Large receptor reserve for cannabinoid actions in the central nervous system.
Academic Article
Overview
abstract
The receptor occupancy required to produce cannabinoid effects in the central nervous system was determined in both a neurochemical and a behavioral assay for cannabinoid actions. In the neurochemical experiments, performed on superfused rat hippocampal slices, electrically evoked [3H]acetylcholine release was inhibited by the cannabinoid agonist, WIN 55212 to 2 with an EC50 of 0.005 microM and maximum effect of 79%. In parallel experiments examining binding of the radiolabeled CB1 antagonist [131I]AM 281 (N-(morpholin-4-yl)-5-(4-[131I]iodophenyl)-1-(2, 4-dichlorophenyl)-4-methyl-1H-pyrazole-3-carboxamide) to living hippocampal slices, WIN 55212 to 2 inhibited [131I]AM 281 binding with an EC50 of 1.3 microM. From these two sets of data it was determined that 50% of maximal inhibition of [3H]acetylcholine release in hippocampal slices occurs at a receptor occupancy of only 0.13% and 95% of maximal inhibition at a receptor occupancy of 7.5%, suggesting the presence of a receptor reserve that is large compared with other G protein-coupled receptor systems in the central nervous system. In behavioral experiments, WIN 55212 to 2 inhibited spontaneous locomotor activity in mice with an ED50 of 0.3 mg/kg, i. v.
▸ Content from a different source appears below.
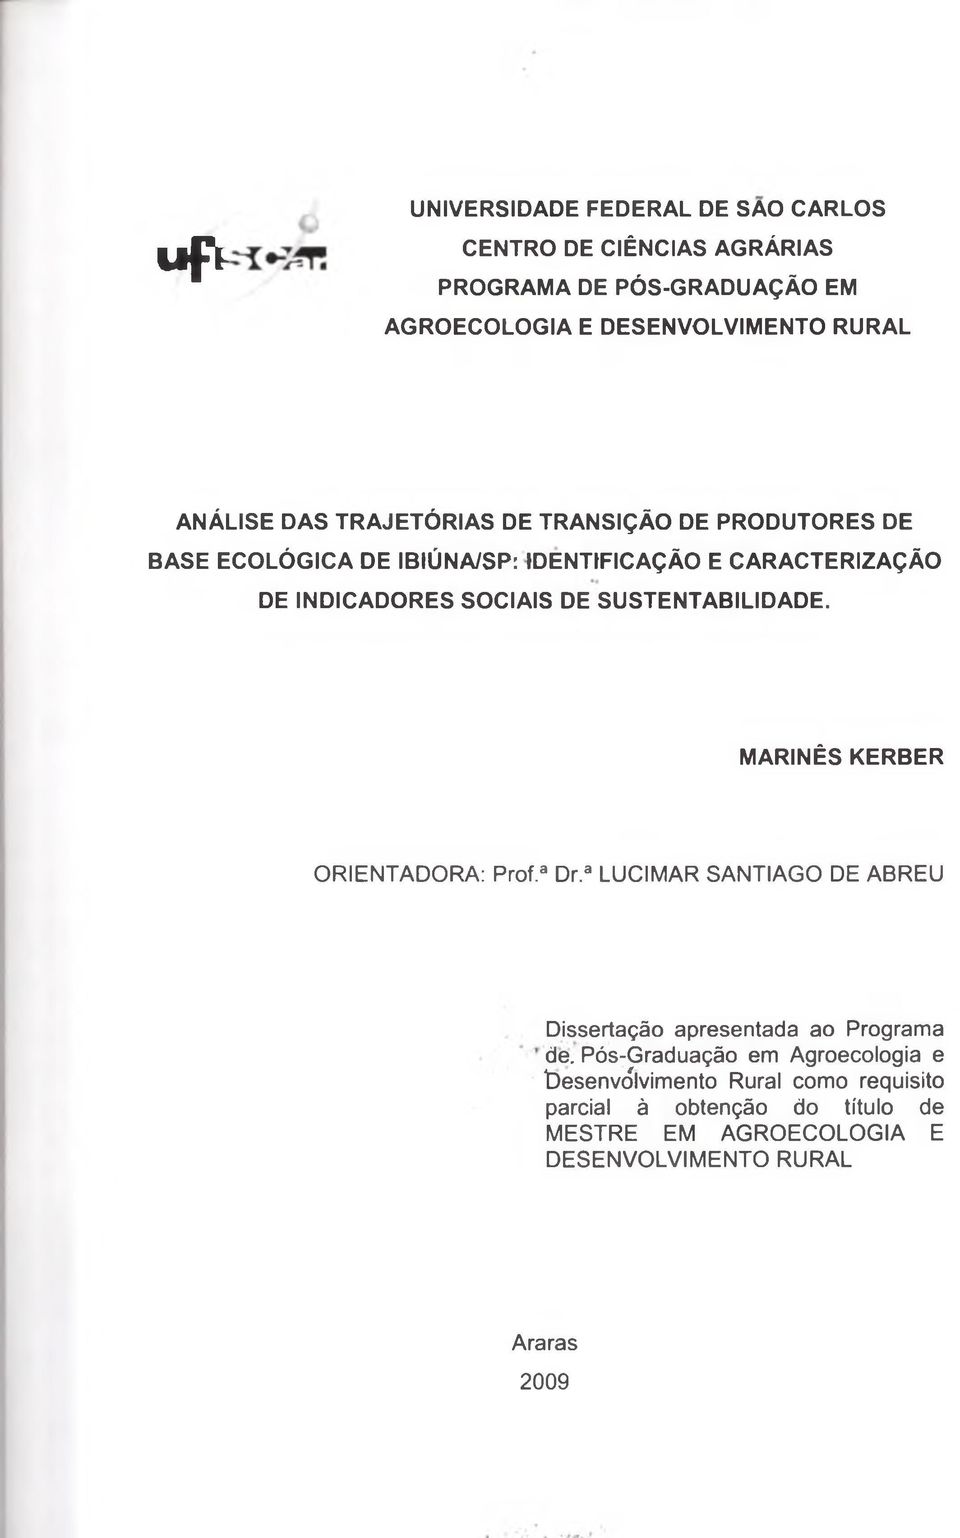 SUSTENTABILIDADE. MARINÊS KERBER ORIENTADORA: Prof.3 Dr.a LUCIMAR SANTIAGO DE ABREU Dissertação apresentada ao Programa de.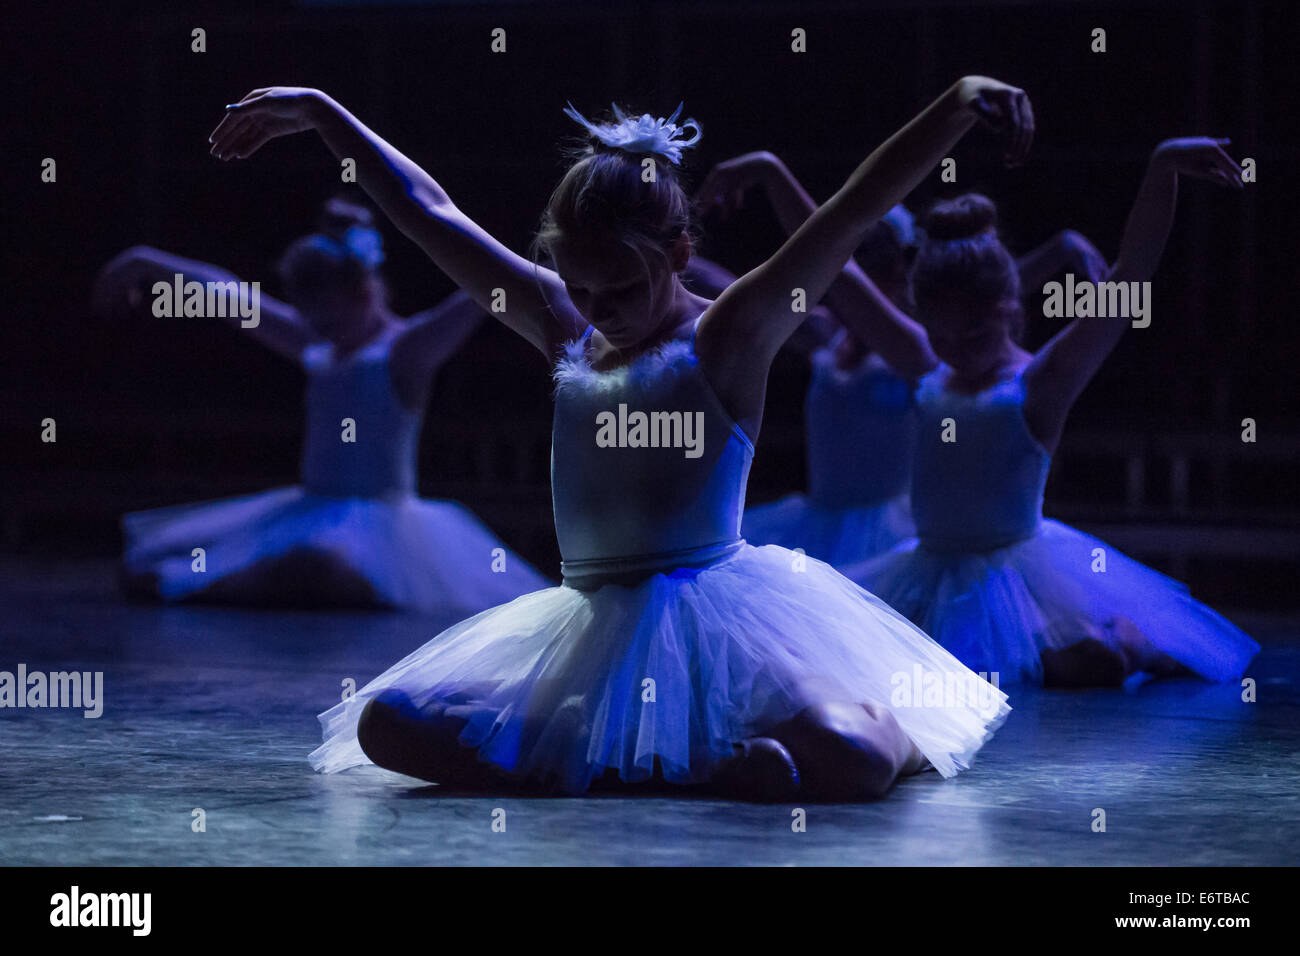 Das Ballett Schwanensee. Ein Theater-Foto des berühmten Balletts von jungen Studenten einer Tanzschule durchgeführt. Stockfoto

In in vivo binding experiments using [131I]AM 281, WIN 55212 to 2 failed to produce significant inhibition of radiotracer binding in the mouse brains, except at very high doses (10 mg/kg or greater, i. v.). By contrast, the CB1 antagonist SR 141716A (10 mg/kg, i.p.), completely abolished specific [131I]AM 281 binding. These experiments suggest that behavioral effects of cannabinoids, like neurochemical effects, are produced at very low receptor occupancy.